Some days I’m more creative than others, meaning the wind of creativity blows stronger, the impulse to abandon visible productivity drives me crazy if I don’t listen. I feel panicked, like an opportunity is passing me by, and I cry out, “Don’t leave me, please!” I can’t tell if this is a whim that all people experience, the flesh that yearns for what it wants, rather than what it needs. Or, if this a Spirit that burns within me, calling me to come, like a Shepherd that leads its sheep home. To get lost in creativity can feel like a peace I can’t describe, like a well of the purest water that never runs dry. This kind of getting lost never causes me to panic. It relieves me of the demands of visible productivity and calms my proud, anxious spirit from thinking I was meant to do it all—all in one day.

In the Christian faith, the story of creation takes places in seven days. Each day, God creates and separates one thing from another, bringing forth all that was and is by the words of His mouth. Each day ends with this description, “And God saw that it was good. Evening came and then morning: the first day …And God saw that it was good. Evening came and then morning: the second day …God saw all that he had made, and it was very good indeed. Evening came and then morning: the sixth day.”

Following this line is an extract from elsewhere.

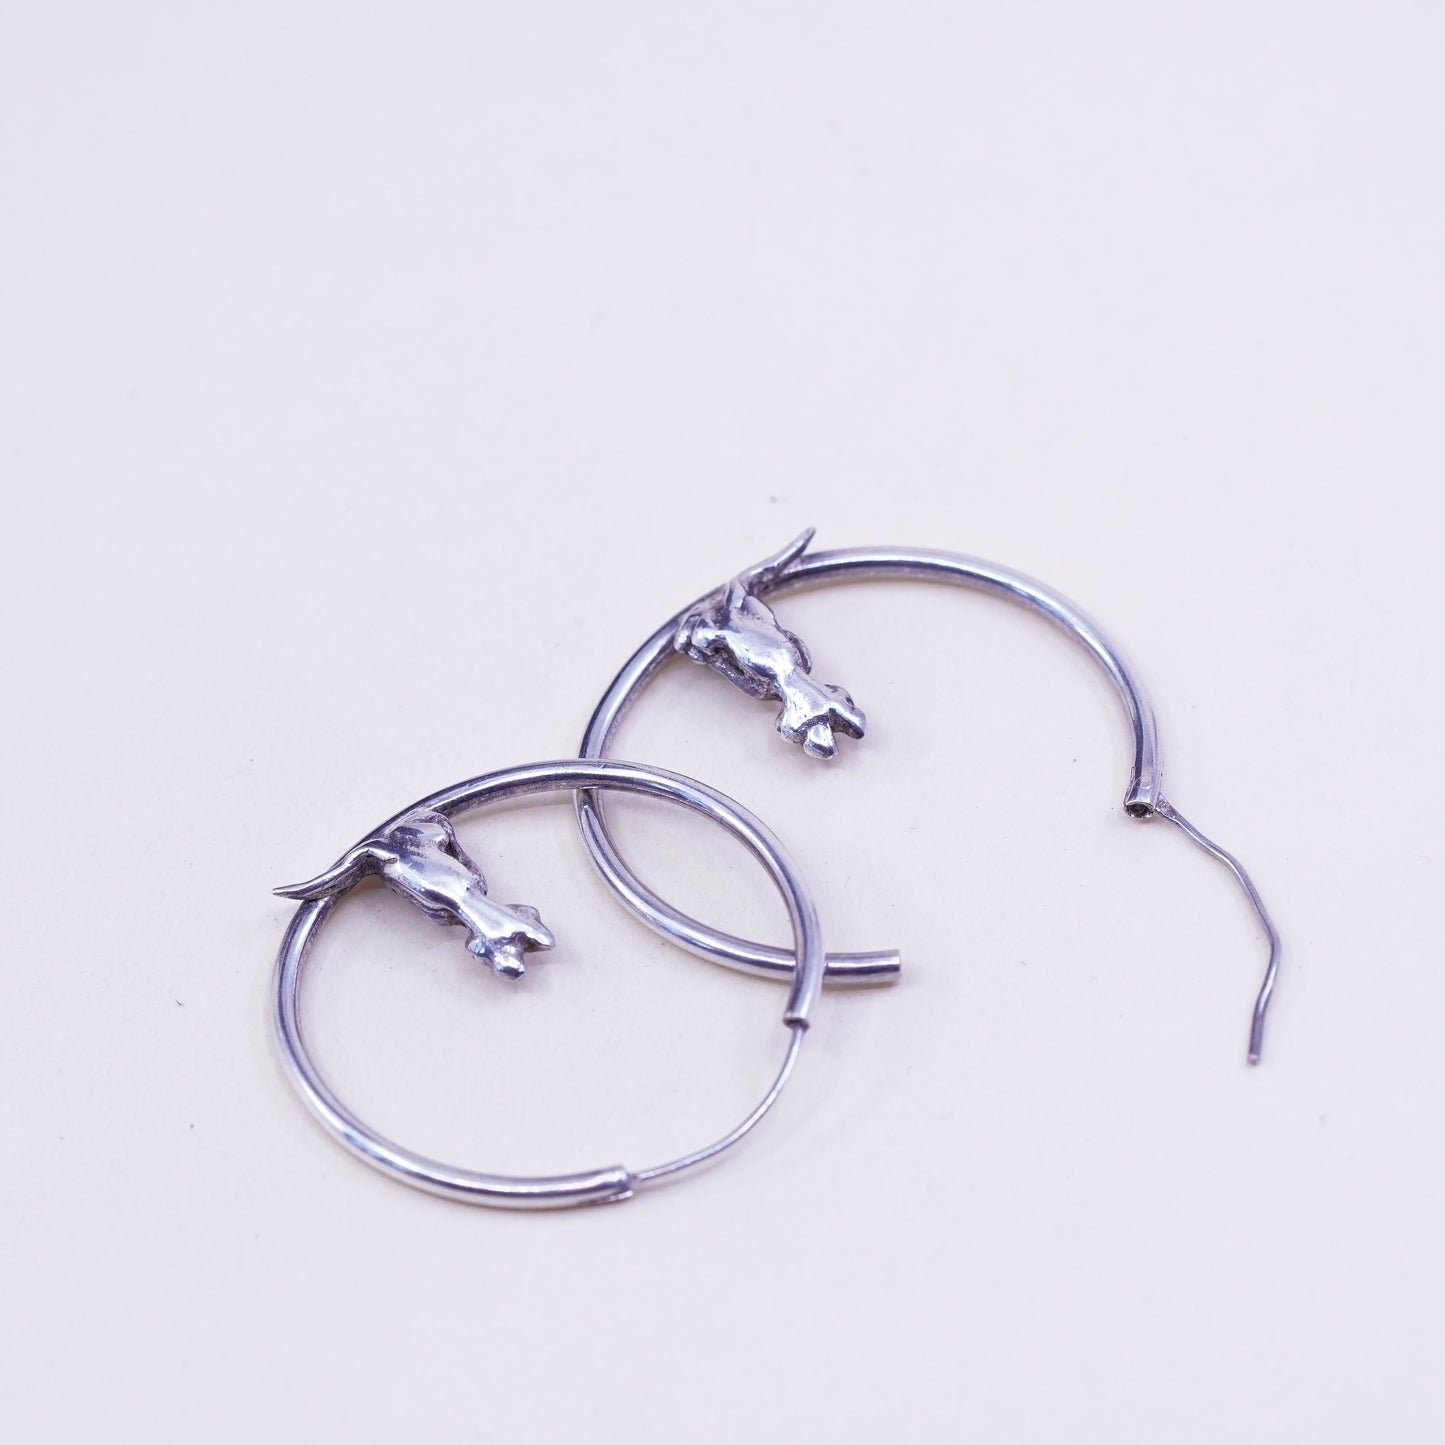 Vintage Sterling silver handmade earrings, 925 hoops with kitty cat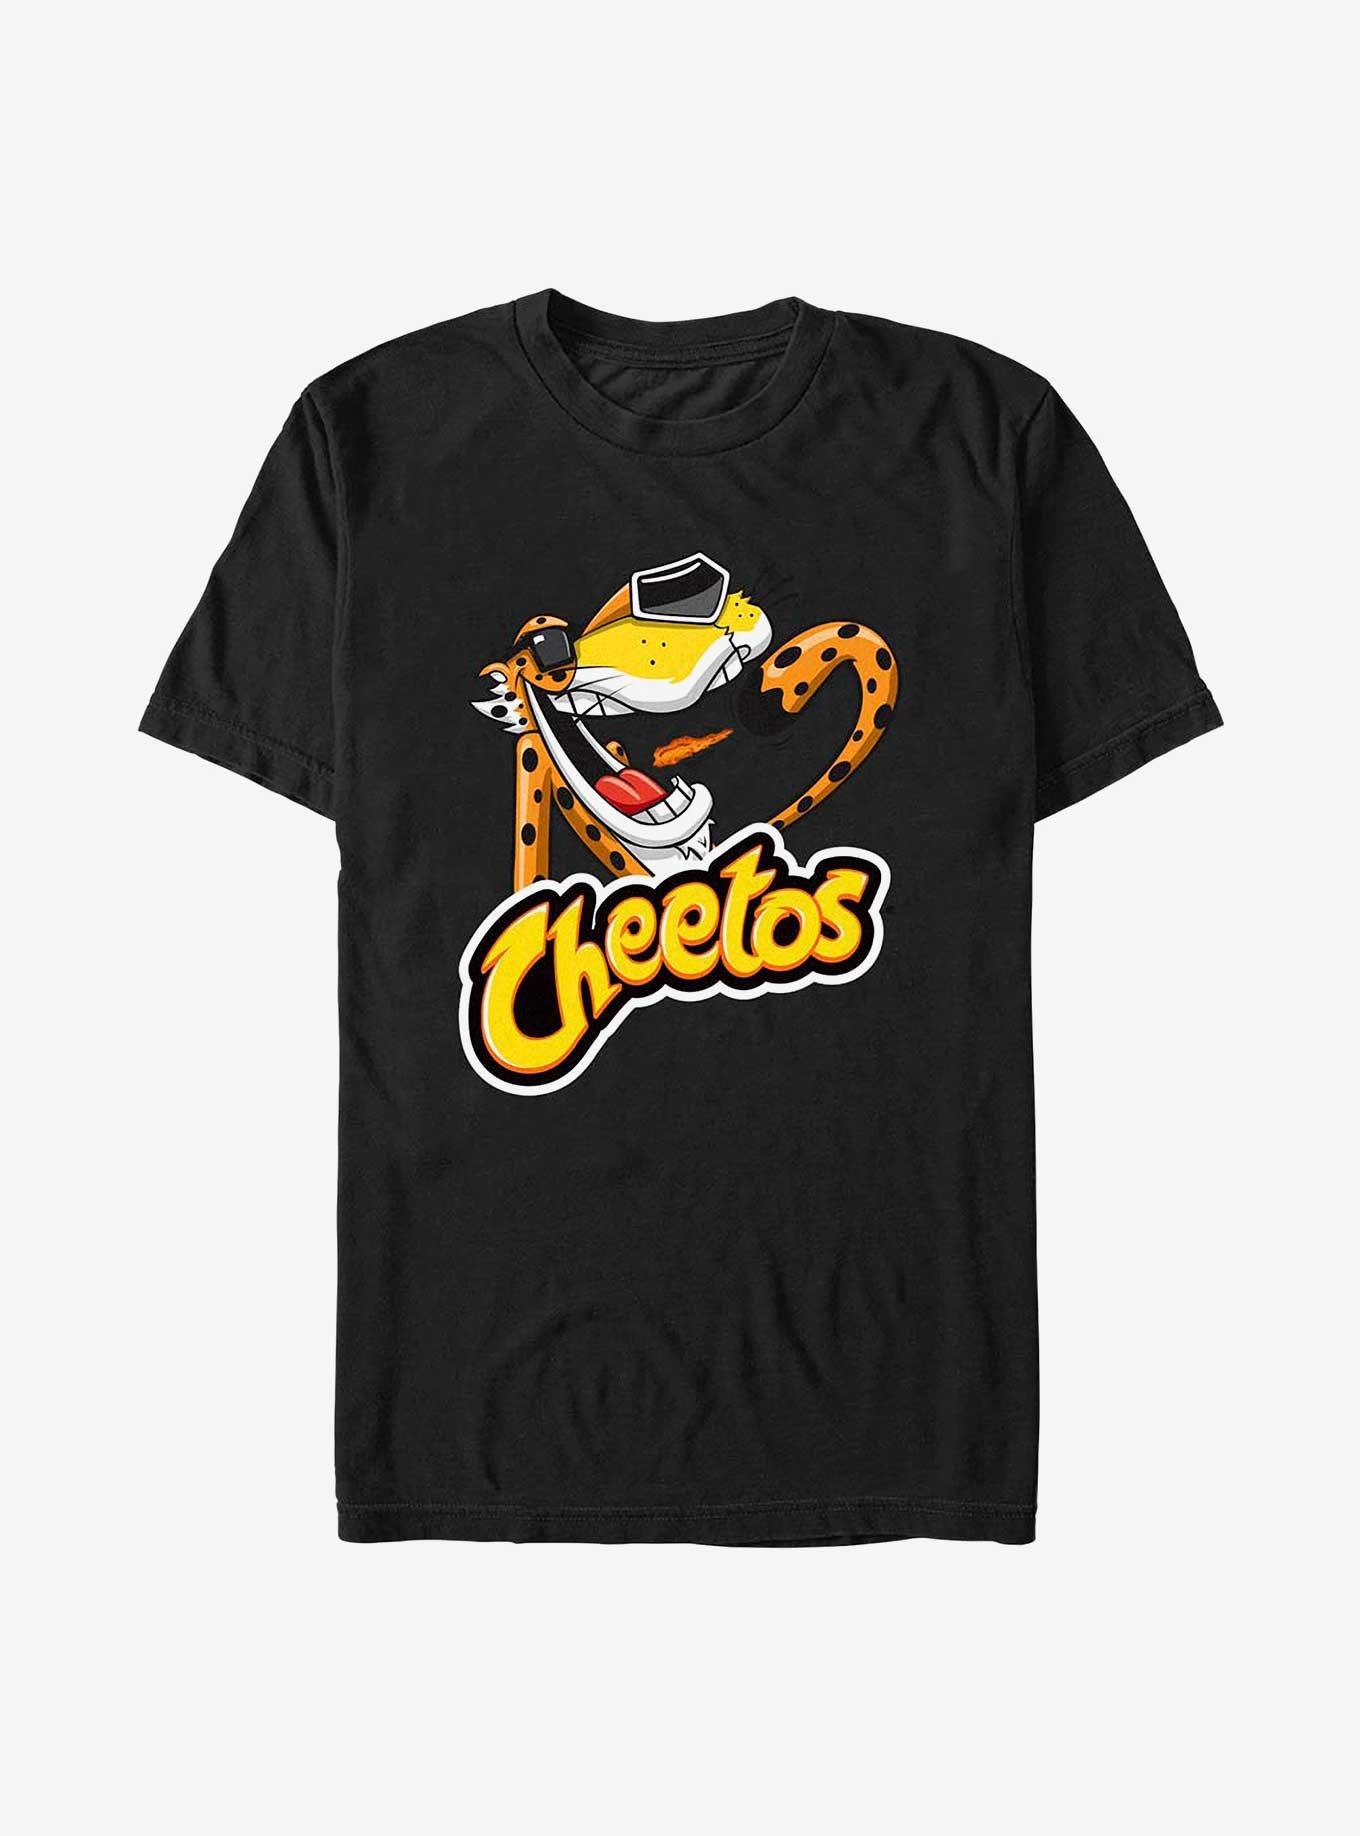 Cheetos Chester Cheetah T-Shirt, BLACK, hi-res

If the Creator who is all powerful, all knowing, one who is without limits, yet put limits on himself each day of creation, why is it I think I am without limits in my visible productivity? I see the work that needs to be done—dishes, laundry, planning, preparing for the next meal, then next activity, the next project—and it seems without limits. The visible work seems to look at me as if it is limitless and has power over me. I see this work and I often bow to it, because it’s the work that’s seen. My children, my husband, the piano tuner, and the plumber. They all see whether or not this work is done, yet visibly productive work is never done. There’s always more.

How can it be that this visible work can have so much power? Who gave it this power and influence? Who instructed it to instruct me. Who first looked at this work and said, “This is where we place our value, where we look to for affirmation.” That person was a fool, and that person is me.

The real creatives, the ones who make a living from their creativity and write books about it say that in the end, creative work is still work. At some point, creative work becomes a task that must be mastered. Still, there are some who look at the work of folding laundry, preparing meals, keeping a home and managing the family schedule as the most creative work. This is the work I am immersed in. I wish I still saw it as creative. Instead, this creativity has become a task that must be mastered. This creative work is visible, but I am beginning to care less for this work and more for what is unseen.

The unseen work takes place in the morning before anyone else wakes up. I open the book of the Christian faith, desperate for any sense of direction. I want intimacy. I want fellowship. No one else will do but the One who created me for this work. I speak His written words. Then I speak my own. His words guide me. I don’t know what I want or even what I need. So I ask for the for the limitless One to help me see my limits and to choose the freedom that He created me for. This is the wind that blows. This is the call of the Shepherd. This is the calm that frees me to create in the unseen work.